Após refletir o impacto das despesas extraordinárias e não operacionais mencionadas acima, o lucro líquido ajustado no segundo trimestre diminuiu 33%, para US$ 4 milhões, em comparação com US$ 6 milhões no ano anterior. O lucro líquido ajustado no primeiro semestre aumentou 28%, para US$ 63 milhões, em comparação com US$ 49 milhões no ano anterior.
O capital de giro comercial em 30 de junho de 2026 foi de US$ 2.149 milhões, comparado a US$ 2.089 milhões em 30 de junho de 2025. O aumento no capital de giro deveu-se ao aumento das contas a receber, que refletiu a queda nas vendas de produtos químicos básicos com prazos de recebimento mais curtos e menores recebimentos devido a diferenças de cronograma no primeiro trimestre de 2025, além do aumento no nível de estoque para garantir a continuidade dos negócios durante a fusão das entidades em Israel.
Fluxo de Caixa: O fluxo de caixa operacional foi de US$ 242 milhões no segundo trimestre e US$ 100 milhões no primeiro semestre, em comparação com os US$ 271 milhões e US$ 242 milhões registrados nos respectivos períodos de 2025. O menor fluxo de caixa operacional no segundo trimestre deveu-se principalmente ao aumento das contas a receber, que refletiram a queda nas vendas de produtos químicos básicos com prazos de recebimento mais curtos e menor volume de compras em comparação ao ano anterior, no qual a Companhia aumentou as compras e os estoques para garantir a continuidade dos negócios durante a fusão de entidades em Israel.
No primeiro semestre, a menor entrada de caixa operacional também refletiu a redução nas cobranças devido a diferenças de cronograma, principalmente no primeiro trimestre de 2025.

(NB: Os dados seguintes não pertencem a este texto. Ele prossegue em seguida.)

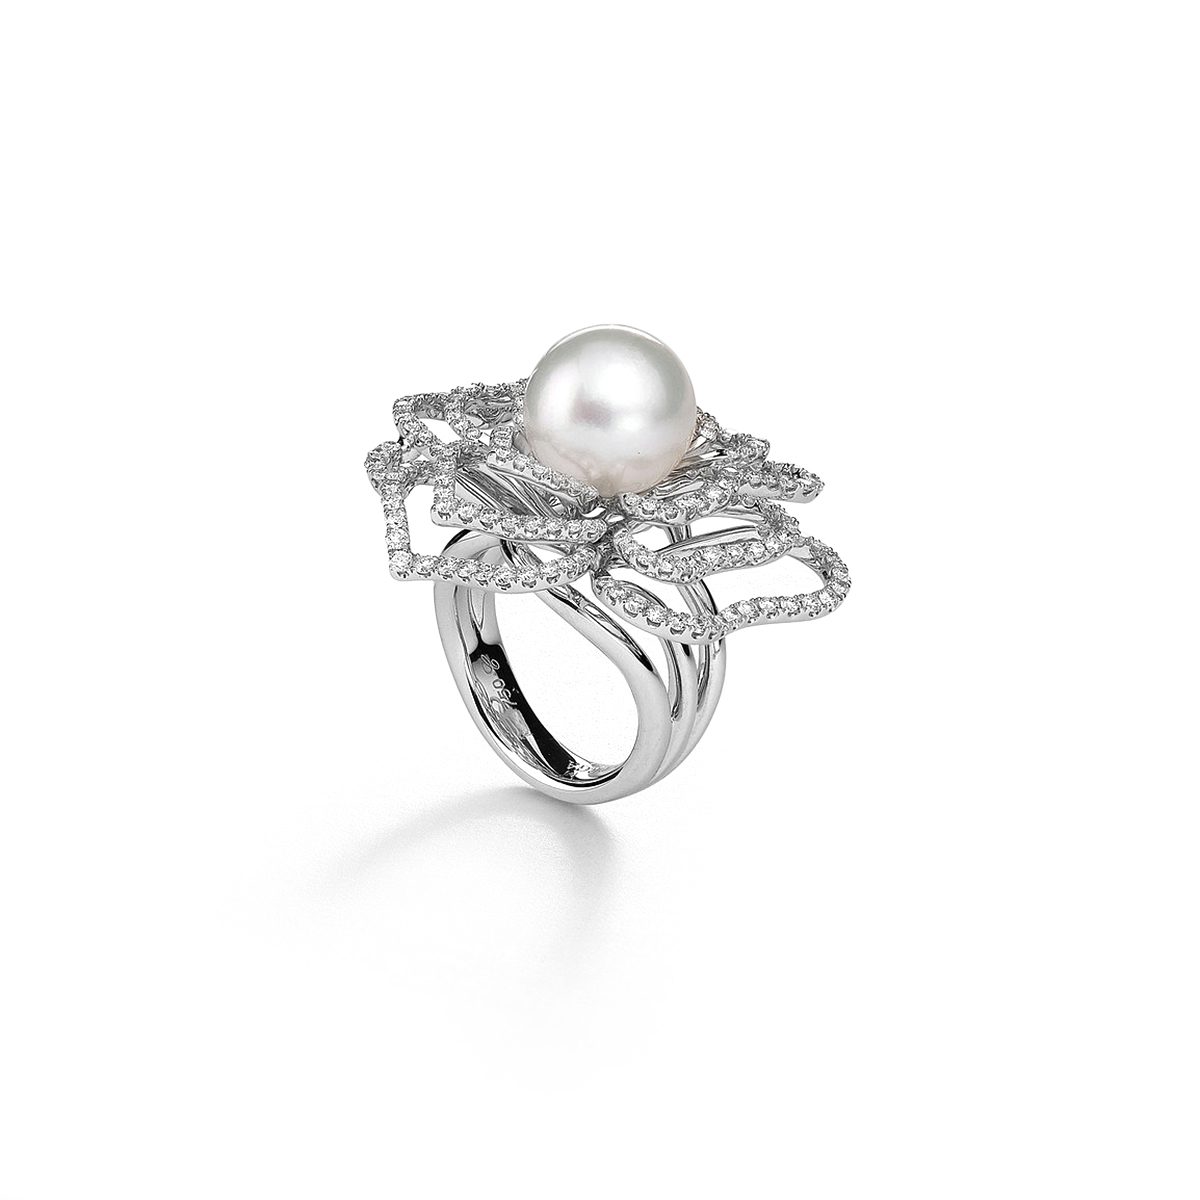 jewels-diamonds-south-sea-pearl-18kt-gold-ring

O fluxo de caixa líquido utilizado em atividades de investimento foi de US$ 3 milhões no segundo trimestre e apresentou uma entrada de US$ 20 milhões no primeiro semestre, em comparação com a saída de US$ 52 milhões e US$ 88 milhões nos respectivos períodos de 2025. A Companhia continuou a executar sua estratégia de priorizar os investimentos mais críticos em infraestrutura, portfólio e inovação. Ao mesmo tempo, como parte da otimização de seus ativos existentes para viabilizar novos projetos de crescimento, a Companhia alienou ativos fixos tanto no segundo trimestre quanto no primeiro semestre, resultando na receita proveniente da venda de ativos, principalmente um centro de logística em Israel. O maior fluxo de caixa utilizado em atividades de investimento no ano passado também refletiu o pagamento de earn-out relacionado à Agrinova, uma subsidiária controlada pela Companhia.
O fluxo de caixa livre gerado foi de US$ 193 milhões no segundo trimestre e de US$ 54 milhões no primeiro semestre, em comparação com US$ 176 milhões e US$ 90 milhões nos respectivos períodos de 2025, refletindo a dinâmica de fluxo de caixa operacional e de investimento mencionada anteriormente.